Semibreve’22 — Dia 1: a que soa o inimaginável?

3 meses atrás 52

Fotografia: Adriano Ferreira Borges / Semibreve 2022

Publicado a: 28/10/2022

Música disruptiva e sensações extra-corpóreas.

Fotografia: Adriano Ferreira Borges / Semibreve 2022

Publicado a: 28/10/2022

Perto das 21 horas da noite, Braga emanava um clima de suspense que transbordava nas bermas das estradas com tantos aguaceiros que caiam pela cidade. Nenhuma outra condição climatérica teria feito tanto jus ao momento como aquele em que subimos quase que por entre uma névoa espiralar até ao Santuário do Bom Jesus do Monte. Chegado àquele que é o um dos principais símbolos que lacram a cidade minhota, o público já se preparava para que fosse inaugurada a décima primeira edição do festival Semibreve.

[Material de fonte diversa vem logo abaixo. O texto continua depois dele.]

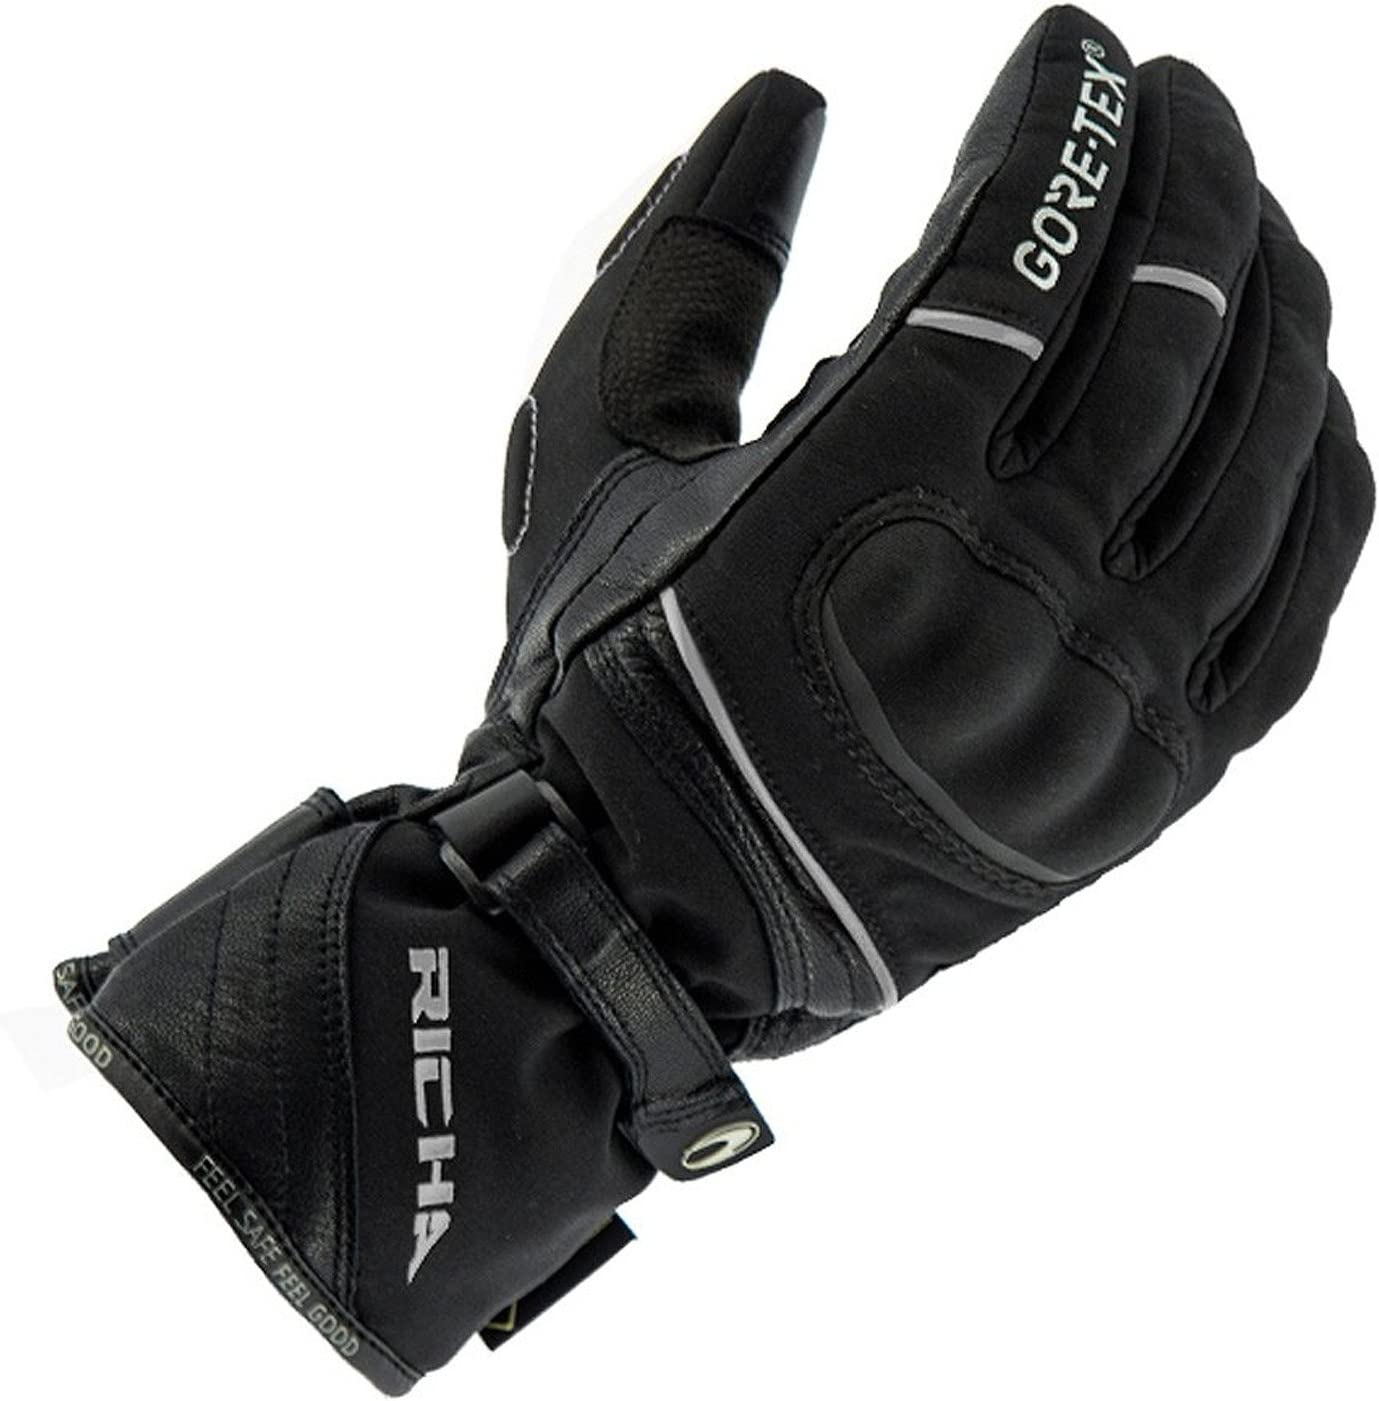 Richa Diana GTX GORE-TEX Leather Textile Ladies Motorcycle Gloves

Ultrapassada a margem da arte contemporânea (se é que ela alguma vez existiu), conhecemos este festival por almejar uma identidade disruptiva e pela ambição de ir mais longe do que o conceito de uma cidade que se afirma muitas vezes católica e conservadora. Assim sendo, e talvez da forma mais idílica possível, foi diante de todos os soldados prostrados no altar do santuário, que Felícia Atkinson e Violeta Azevedo iniciaram o ciclo de concertos que durará até ao próximo Domingo. Quase que aninhados numa atmosfera etérea e contemplativa, o público presenciou uma performance que explorou lugares inimagináveis que se fizeram ouvir quase como uma sensação extra-corpórea do espaço onde estávamos. Através do som de uma flauta, piano e voz, o trabalho das duas artistas provou-se sublime. Tal se poderá prolongar no workshop que as músicas guiarão no próximo sábado pelas 10 horas da manhã, no Mosteiro de Tibães.

Este ano, a programação do Semibreve volta a contar com workshops, conversas e concertos. Apesar de já ter estado em Portugal para a série de sessões meditativas organizadas pelo MAAT, as expectativas estão voltadas para Maxwell Sterling, que lançou no ano passado um dos seus mais recentes trabalhos, “Turn of Phrase”. Mas também não podemos ficar indiferentes ao tão esperado retorno de Alva Noto ao festival, tal como o de Caterina Barbieri, que desta vez se irá estrear no Theatro Circo no último dia do festival.

Por entre todos estes caminhos, ainda poderemos encontrar workshops de sintetizadores da Patch Point quase todos os dias – e estes serão gratuitos. No sábado, depois de uma conversa com o nosso diretor Rui Miguel Abreu, será no gnration que a príncipe discos montará a pista de dança com a atuação de nomes como Xexa, DJ Kolt, e DJ Marfox.